I particularly like the STL function: the seasonal decomposition of a time series by Loess (localised regression). The function allows you to decompose a time series into its seasonal, trend and irregular components using loess. Unfortunately, I could find nothing like it in pandas.

In frustration, I have cobbled together a python/pandas function to decompose a univariate pandas time series item into seasonal, trend and irregular components. The function does not use Loess. Rather it uses a set of processes similar to those used by the Australian Bureau of Statistics.

It also uses a Henderson Moving Average which I had coded previously (see here).

Anyway, I'd be interested to know whether this code works for you. Drop me a line if you end up using it.

Caution: still experimental code.

## Decompose.py
## produce a time series decomposition

import pandas as pd
import numpy as np
from Henderson import Henderson


# --- A selection of seasonal smoothing weights, from which you can select
#     Note: these are end-weights, they are reversed for the start of a series
#     Note: your own weights in this form should also work
s3x3 = (
    np.array([ 5, 11, 11]) / 27.0,
    np.array([ 3,  7, 10,  7]) / 27.0,
    np.array([ 1,  2,  3,  2,  1]) / 9.0,
)

s3x5 = (
    np.array([ 9, 17, 17, 17]) / 60.0,
    np.array([ 4, 11, 15, 15, 15]) / 60.0,
    np.array([ 4,  8, 13, 13, 13,  9]) / 60.0,
    np.array([ 1,  2,  3,  3,  3,  2,  1]) / 15.0,
)

s3x9 = (
    np.array([0.051, 0.112, 0.173, 0.197, 0.221, 0.246]),
    np.array([0.028, 0.092, 0.144, 0.160, 0.176, 0.192, 0.208]),
    np.array([0.032, 0.079, 0.123, 0.133, 0.143, 0.154, 0.163, 0.173]),
    np.array([0.034, 0.075, 0.113, 0.117, 0.123, 0.128, 0.132, 0.137, 0.141]),
    np.array([0.034, 0.073, 0.111, 0.113, 0.114, 0.116, 0.117, 0.118, 0.120, 0.084]),
    np.array([1,     2,     3,     3,     3,    3,    3,    3,    3,    2,    1]) / 27.0,
)


# --- public Decomposition function
def Decompose(s, periods=None, model='multiplicative', 
    constantSeasonal=False, seasonalSmoother=s3x5):

    """ The simple decomposition of a pandas Series s into its trend, seasonal 
        and irregular components. The default is a multiplicative model: 
        Original(t) = Trend(t) * Seasonal(t) * Irregular(t). Can specify an 
        additive model: Original(t) = Trend(t) + Seasonal(t) + Irregular(t)

        Parameters:
        -   s - the pandas Series, without any missing or NA values, 
            and sorted in ascending order
        -   periods - either a pandas Series indicating the period to 
            which each value of s belongs (of the same length as s, 
            with the same index as s), or an int for the number of periods
            into which to decompose the series
        -   model - string - either 'multiplicative' or 'additive'
        -   constantSeasonal - bool - whether the seasonal component is 
            constant or (slowly) variable
        -   seasonalSmoother - when not using a constantSeasonal, which 
            of the seasonal smoothers to use (s3x3, s3x5 or s3x9) - 
            default is s3x5 (ie over 7 years for monthly or quarterly data)
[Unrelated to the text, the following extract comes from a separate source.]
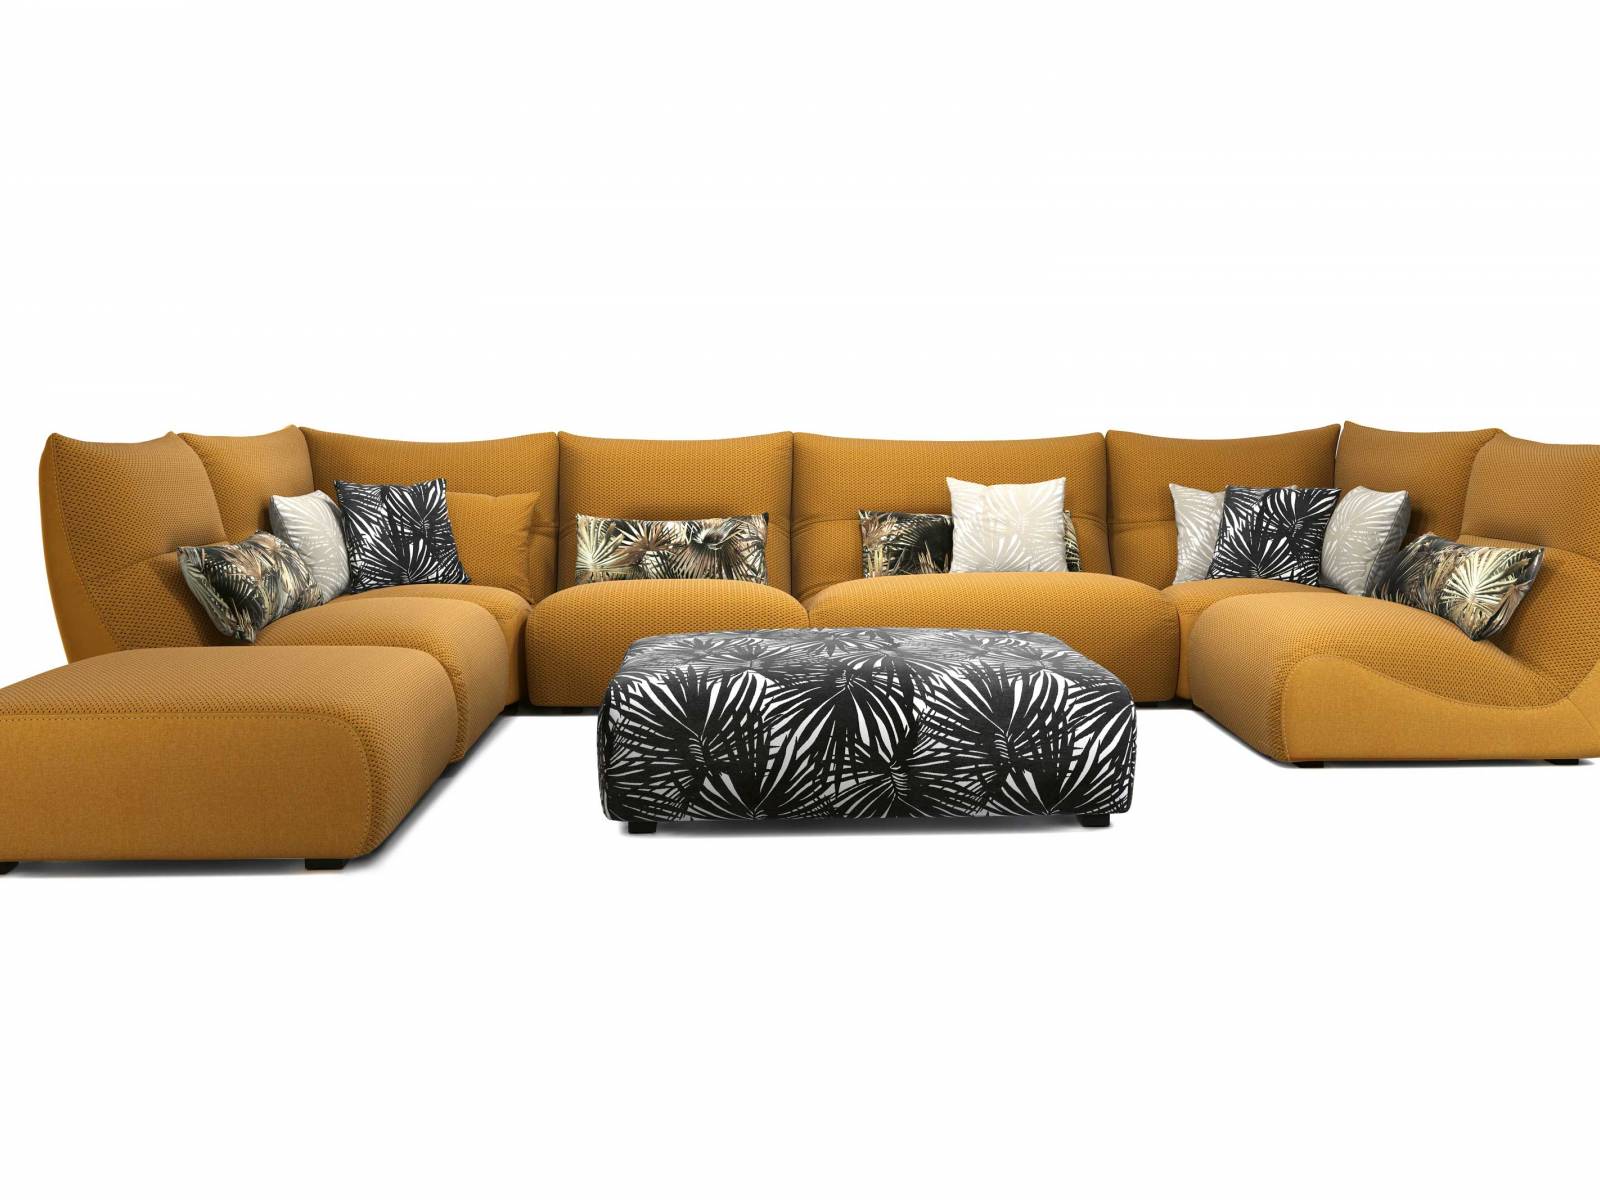 In Anlehnung an das ursprünglich für den Innenbereich konzipierte Modell gibt es das Sofa «Temps Calme» jetzt für den Outdoor-Bereich. Modular aufgebaut, lässt es sich der eigenen Terrasse perfekt anpassen. In Uni und frech gemusterten Bezügen. ROCHE BOBOIS.

        Returns a pandas DataFrame with columns for each step in the 
        decomposition process (enables debugging). The key columns in the 
        DataFrame are:
        -   'Original' - the original series
        -   'SeasAdj' - the seasonally adjusted series
        -   'Trend' - the trend of the seasonally adjusted series
        -   'Seasonal' - the seasonal component found through the 
            decomposition process
        -   'Irregular' - the irregular component found through the 
            decomposition process

        Notes:
        Based on ideas gleaned from the Australian Bureau of Statistics:
            ABS (2005), "An Introductory Course on Times Series
            Analysis -- Electronic Delivery", Catalogue: 1346,0.55.001, online at:
            http://www.ausstats.abs.gov.au/ausstats/free.nsf/0/C2714BAD1DD803E6CA256F960072B0C0/$File/1346055001_jan%202005.pdf
        Does not adjust for moving holidays, public holidays, variable number 
        of working days in month, etc. (ie. it is quite a simple decomposition)"""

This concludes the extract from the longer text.